* Work to complete
What is wanted is every line below from the one with "Lettuce Keepers, Set of 2 + '-' + 375065" up to and including the one with "R. H. Sin Quote", retyped exactly, pictures excluded, nothing else.

* Given information

Content starts

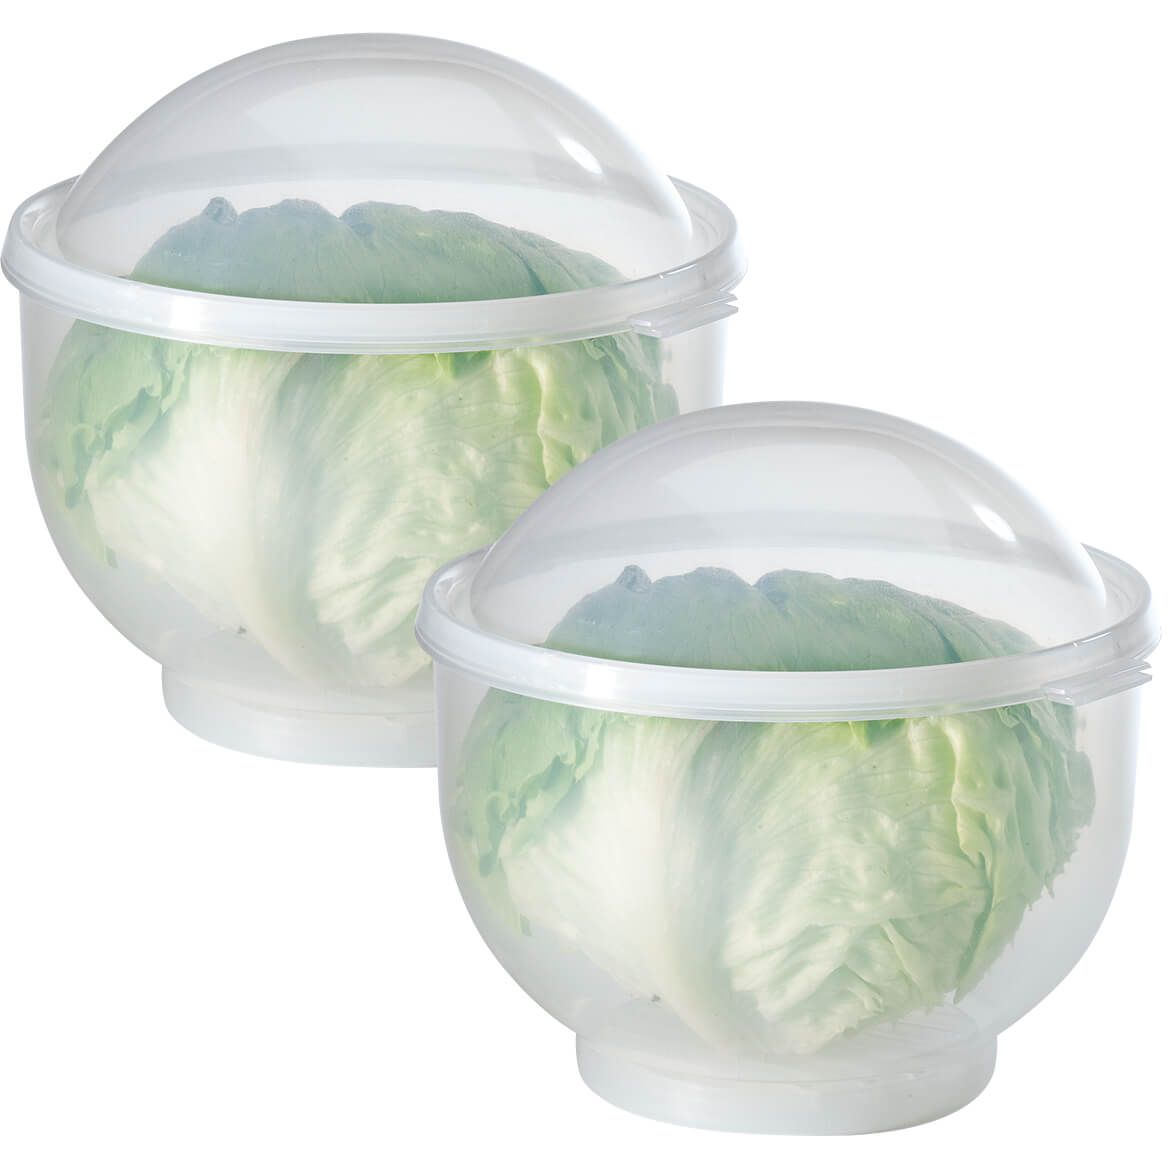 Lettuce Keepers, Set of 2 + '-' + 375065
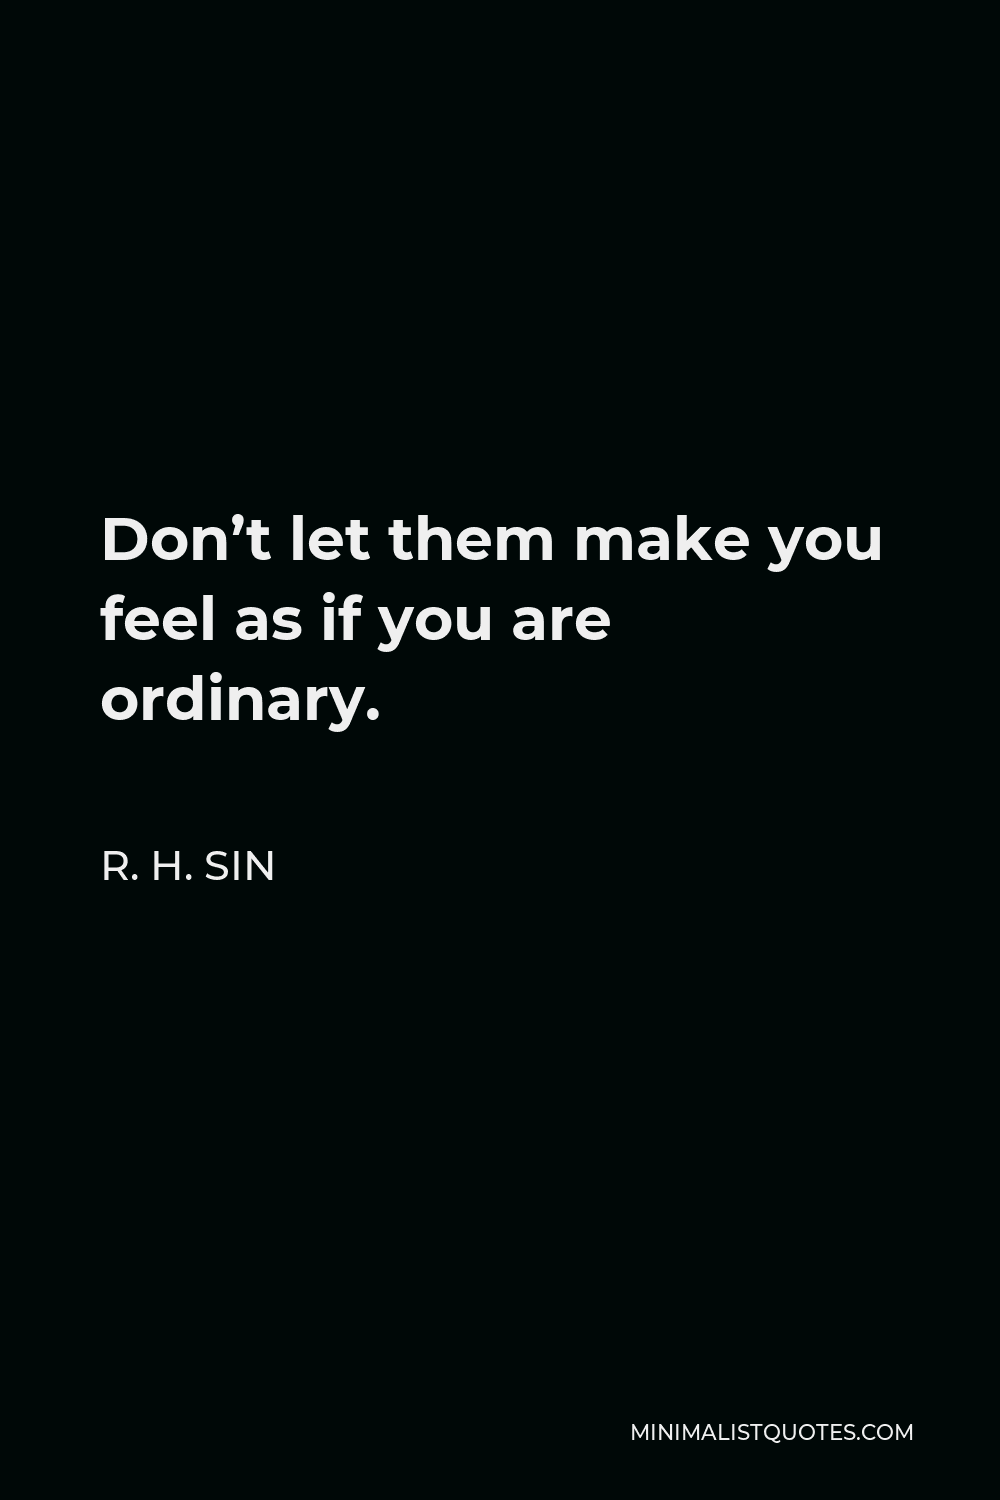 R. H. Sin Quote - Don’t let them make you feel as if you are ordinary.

Content ends
Content starts

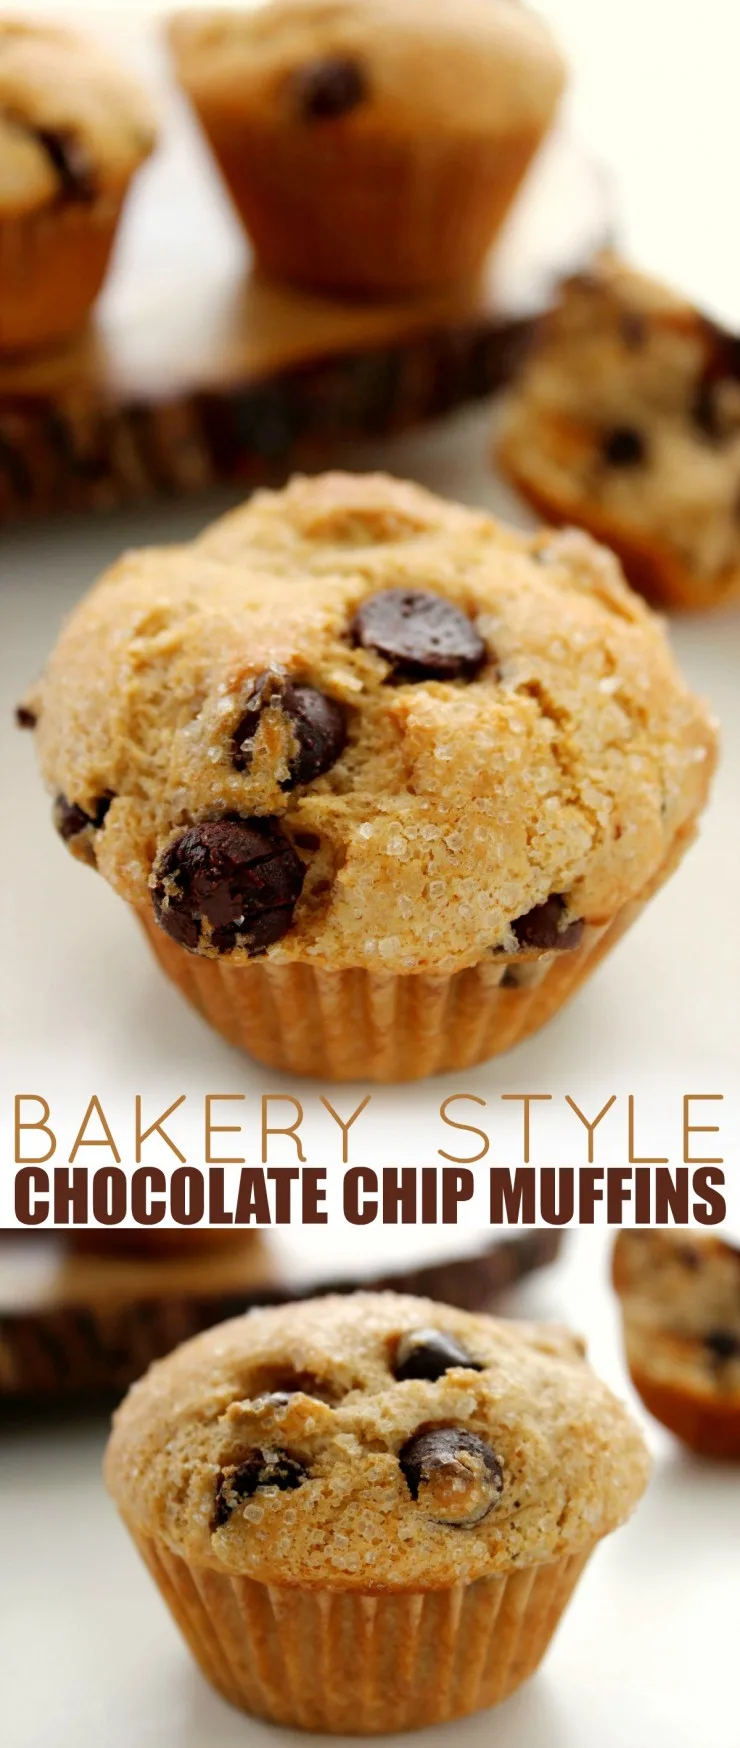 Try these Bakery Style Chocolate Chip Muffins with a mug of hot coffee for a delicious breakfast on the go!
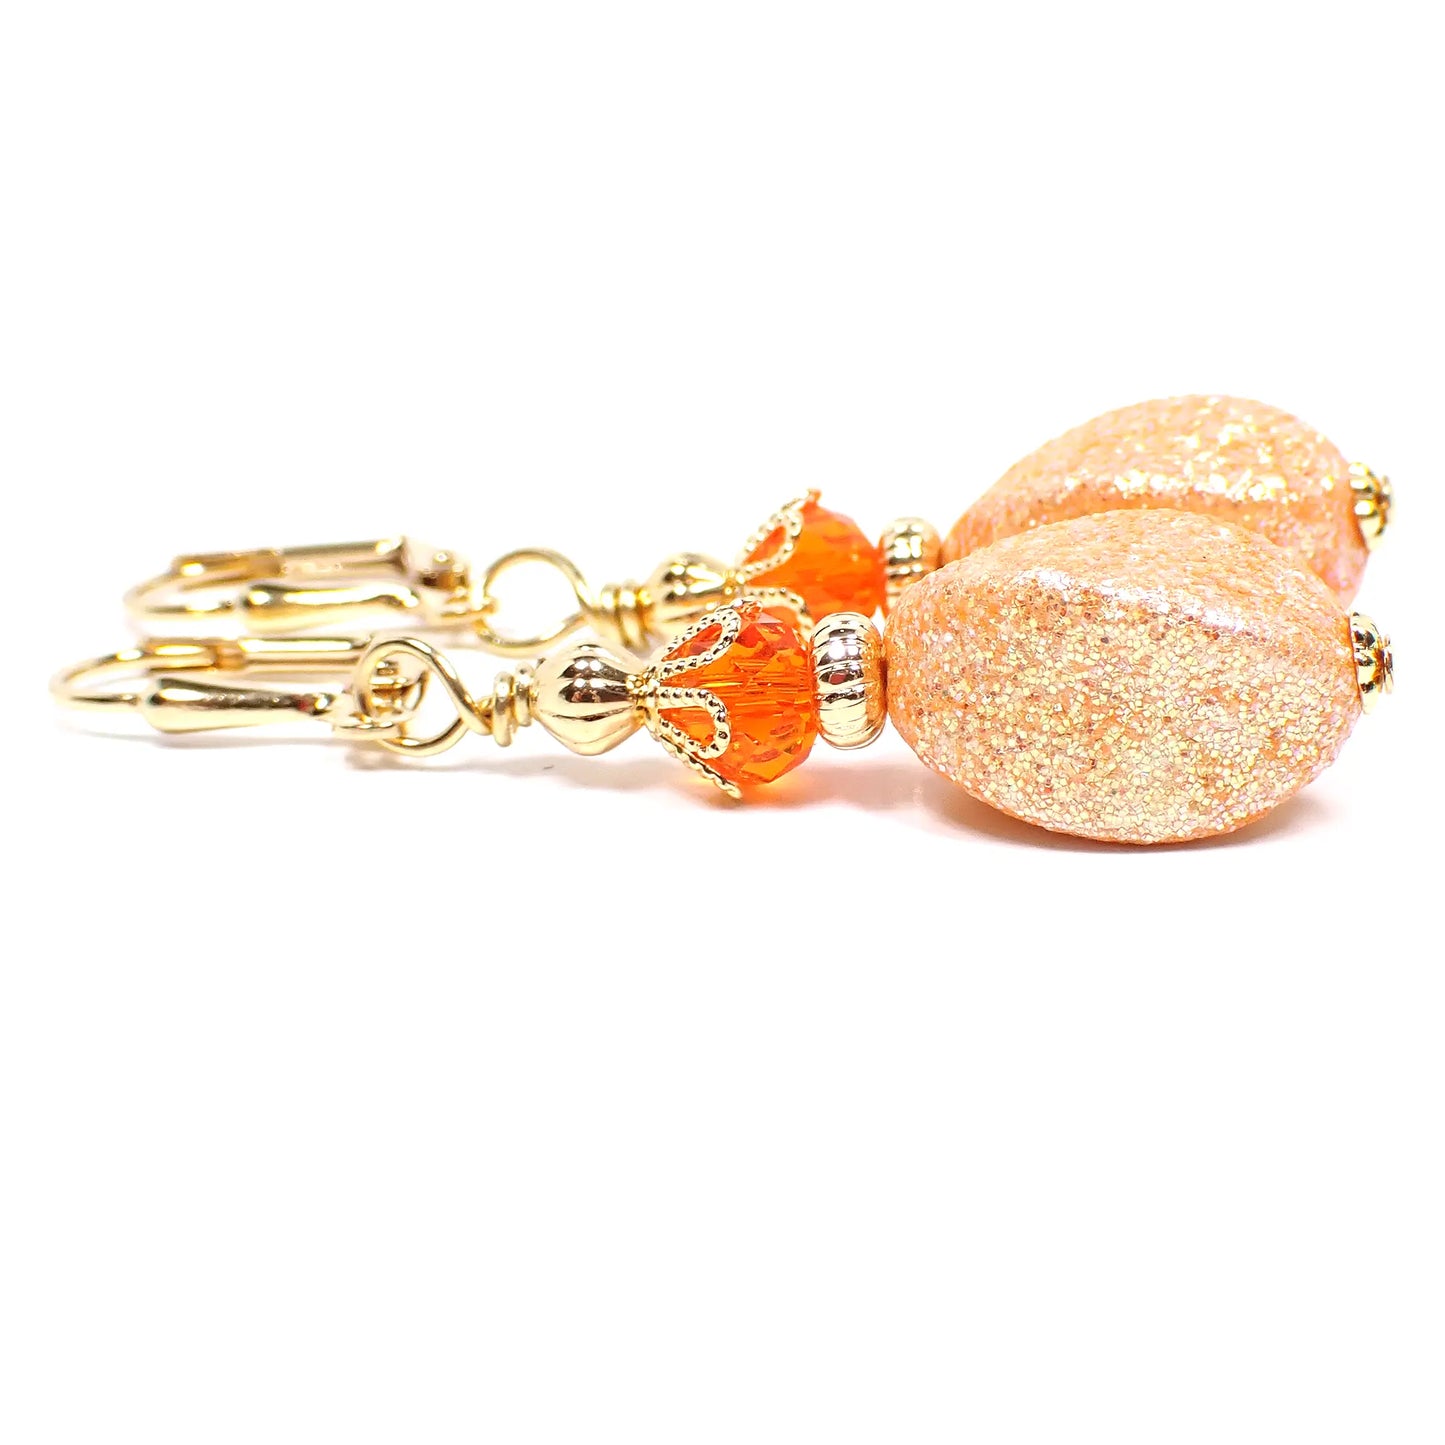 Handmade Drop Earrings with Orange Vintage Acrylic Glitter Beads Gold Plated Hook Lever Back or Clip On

Content ends
Content starts

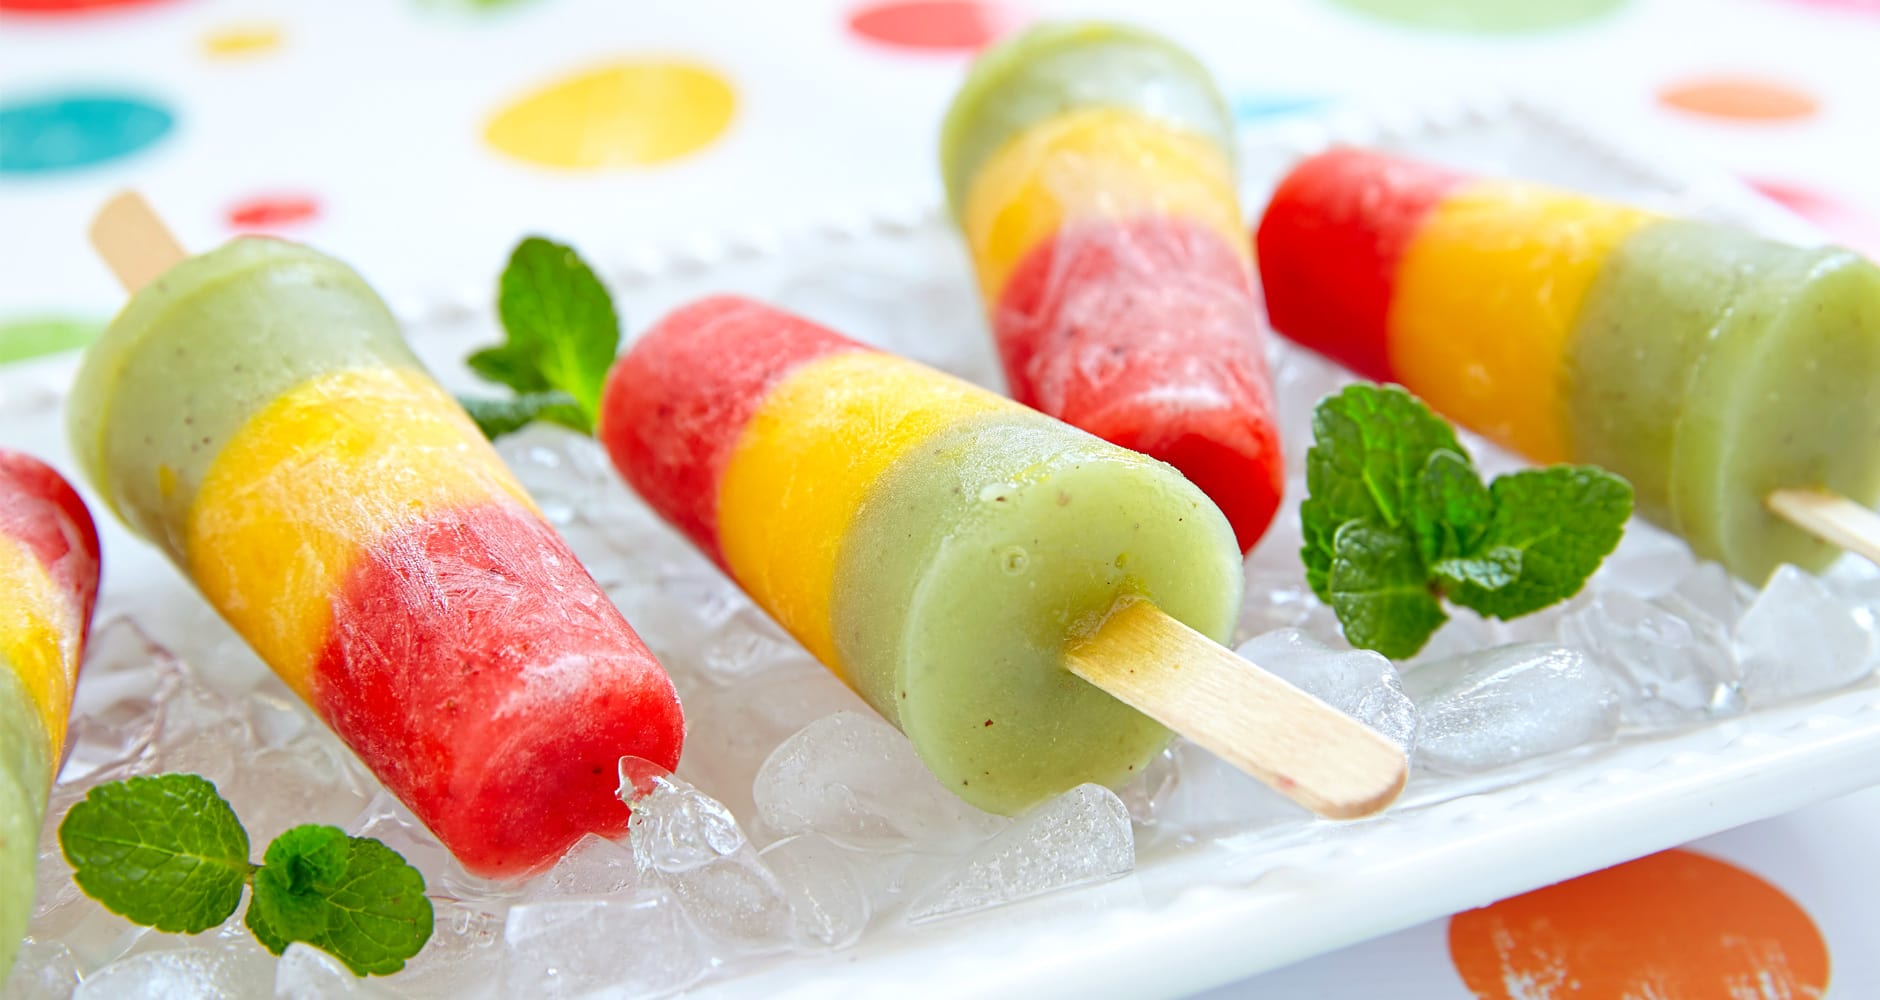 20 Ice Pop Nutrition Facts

Content ends

* Solution
 Lettuce Keepers, Set of 2 + '-' + 375065
 R. H. Sin Quote - Don’t let them make you feel as if you are ordinary.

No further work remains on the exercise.